◆ To do:
Return the listing below exactly. Leave its pictures out.

◆ Supplied information:
<<<<

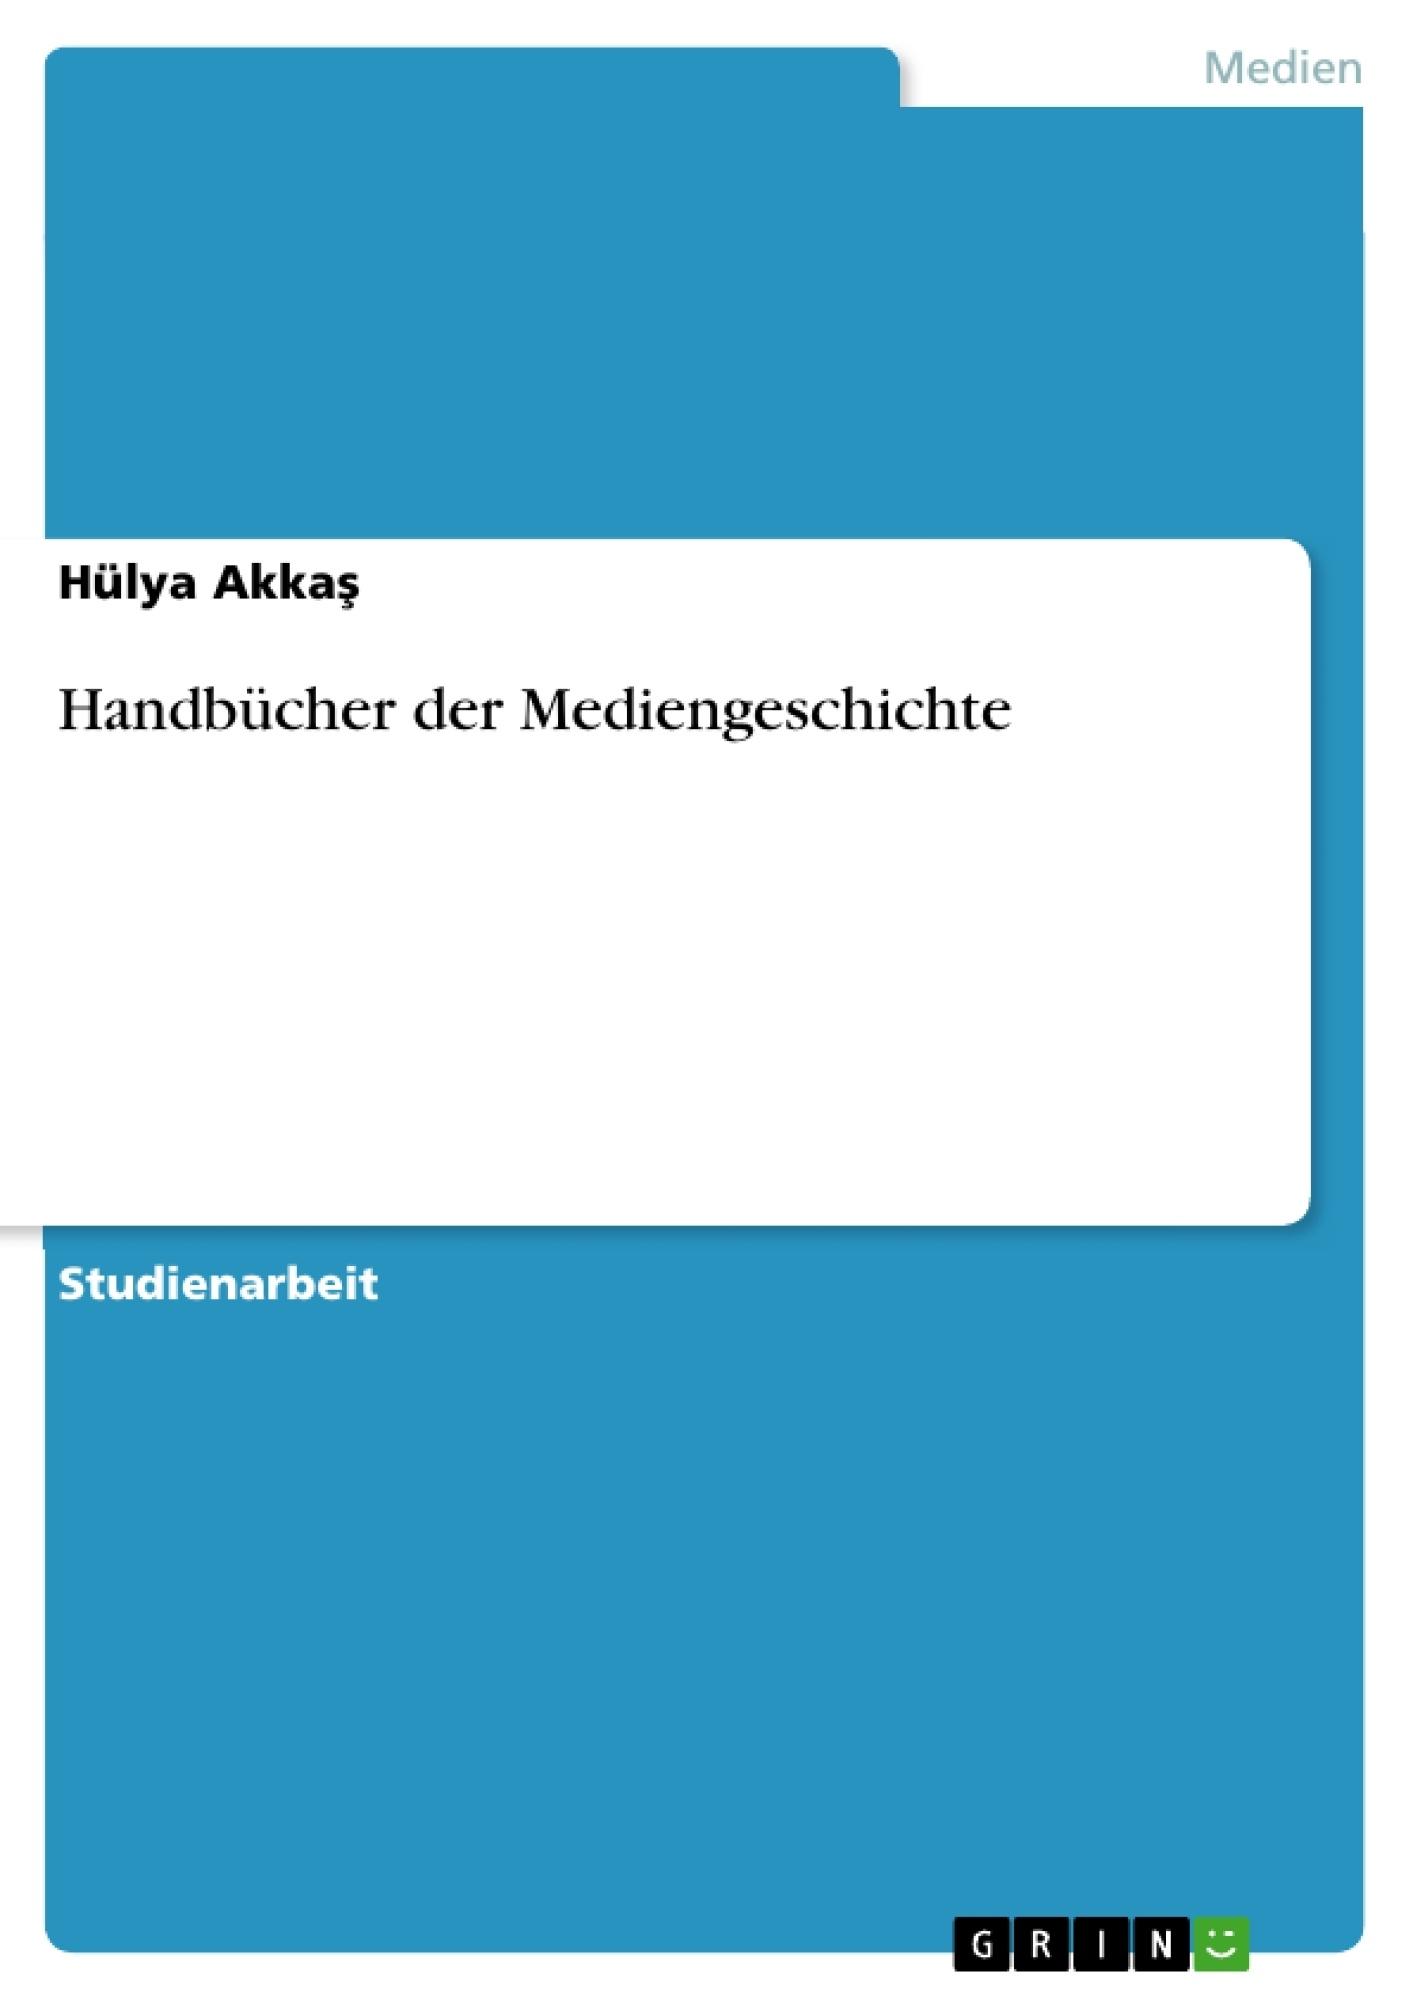 Titel: Handbücher der Mediengeschichte
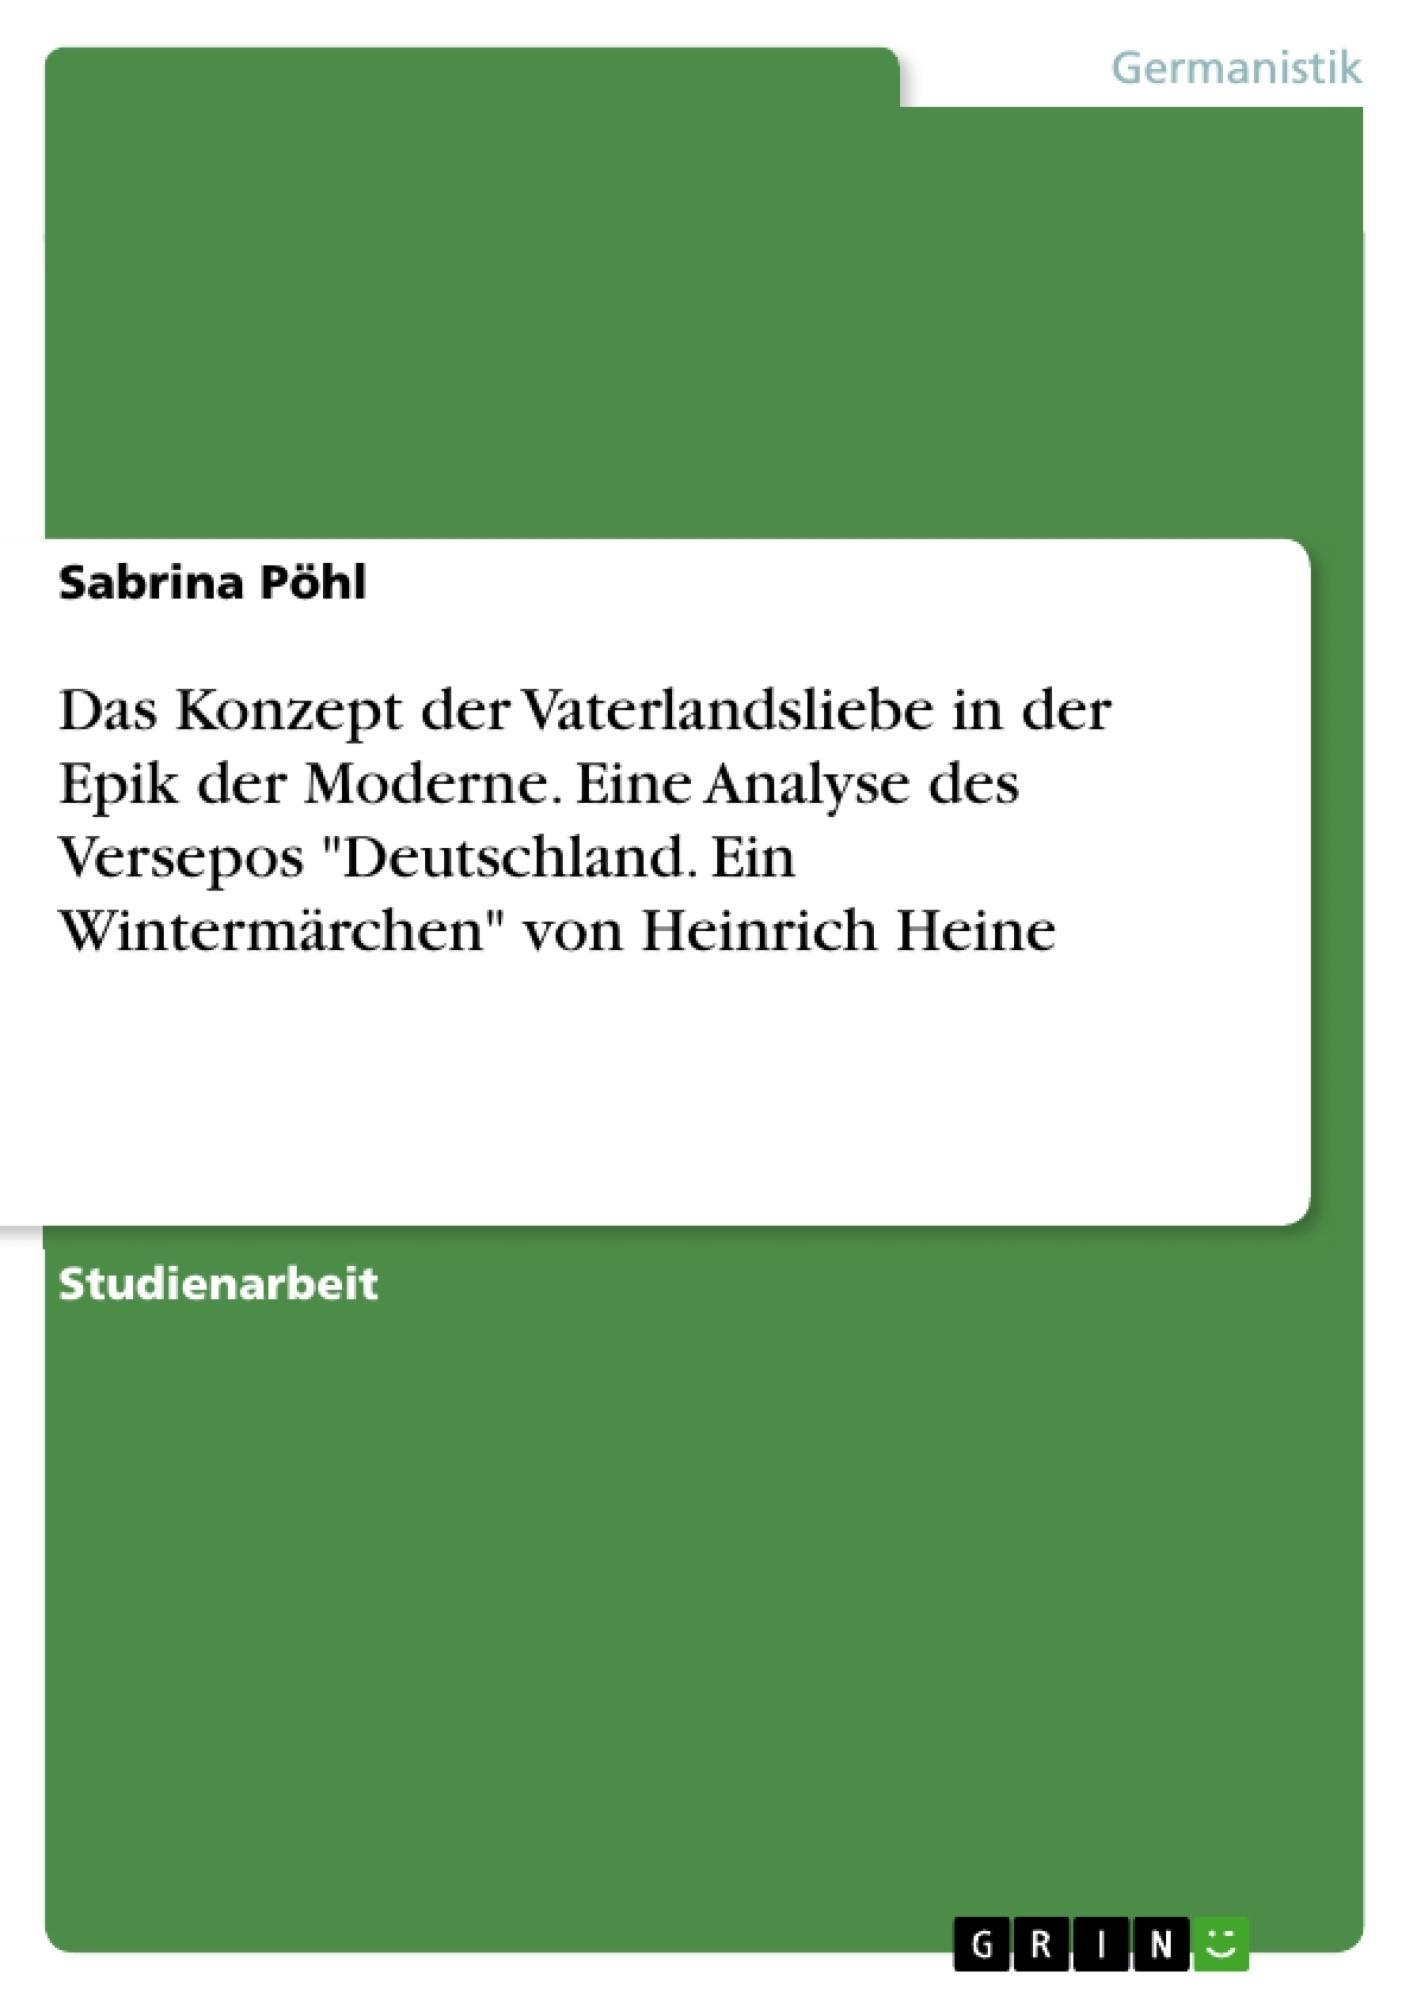 """Titel: Das Konzept der Vaterlandsliebe in der Epik der Moderne. Eine Analyse des Versepos """"Deutschland. Ein Wintermärchen"""" von Heinrich Heine"""
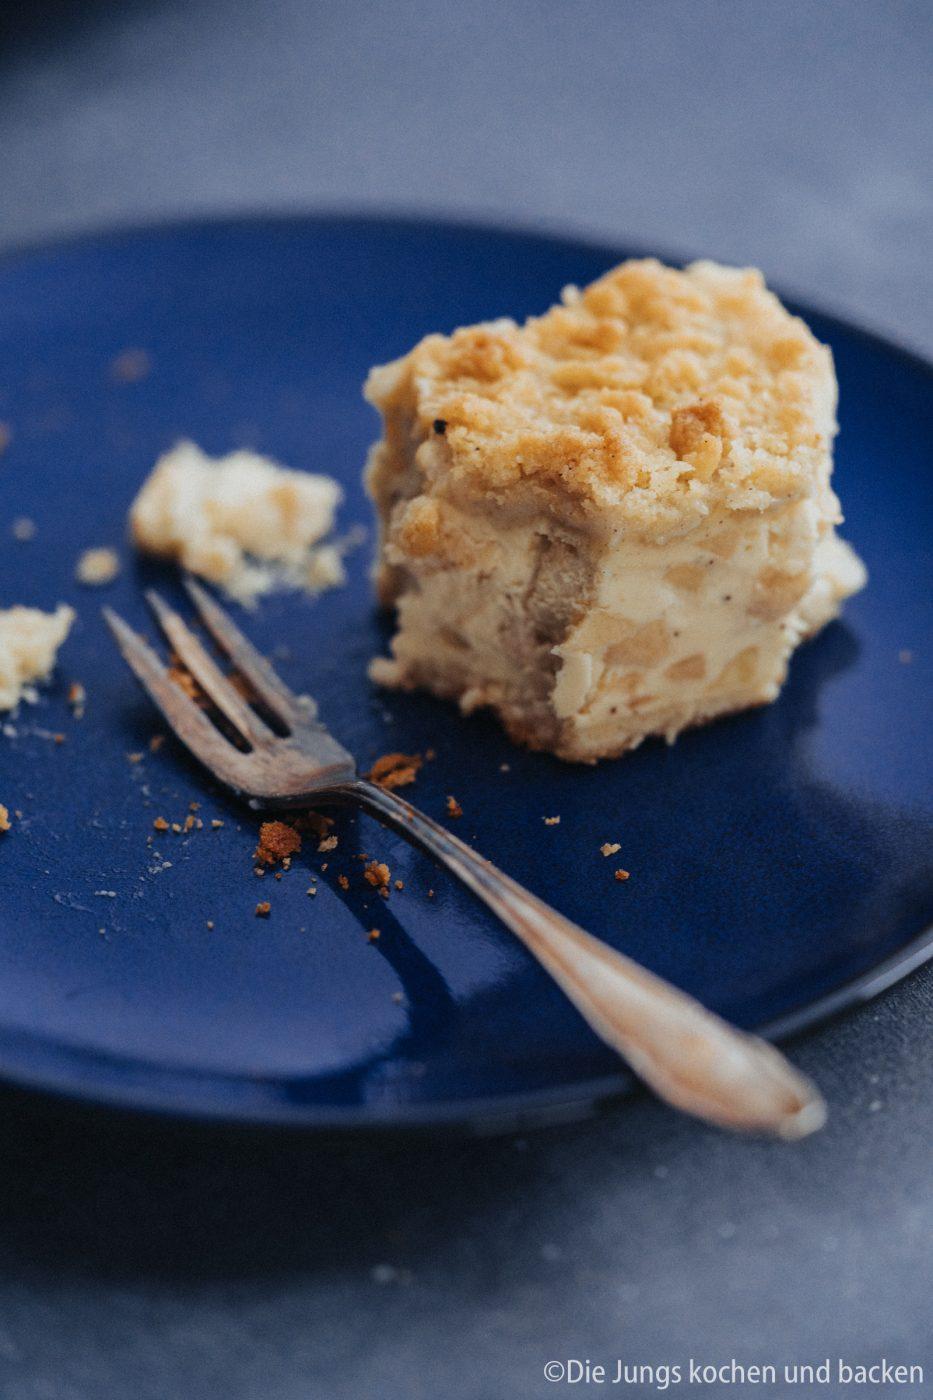 Apfel Schmandkuchen 14 | Es kann nicht genug Apfelkuchen geben!! Da gehen uns auch selten die Ideen aus und wir machen einen Apfelkuchen auch gerne wieder und wieder. Oft läuft es aber so, dass wir verschiedene Teile von Rezepten wild kombinieren, in einen Topf werfen und dann kommt gerade mit Apfel zu 99,9999% etwas mega leckeres raus. So eben auch bei unserem Apfel-Schmandkuchen.

>>>>

◆ Solution to this task:
 Titel: Handbücher der Mediengeschichte
 """Titel: Das Konzept der Vaterlandsliebe in der Epik der Moderne. Eine Analyse des Versepos """"Deutschland. Ein Wintermärchen"""" von Heinrich Heine"""
 Apfel Schmandkuchen 14 | Es kann nicht genug Apfelkuchen geben!! Da gehen uns auch selten die Ideen aus und wir machen einen Apfelkuchen auch gerne wieder und wieder. Oft läuft es aber so, dass wir verschiedene Teile von Rezepten wild kombinieren, in einen Topf werfen und dann kommt gerade mit Apfel zu 99,9999% etwas mega leckeres raus. So eben auch bei unserem Apfel-Schmandkuchen.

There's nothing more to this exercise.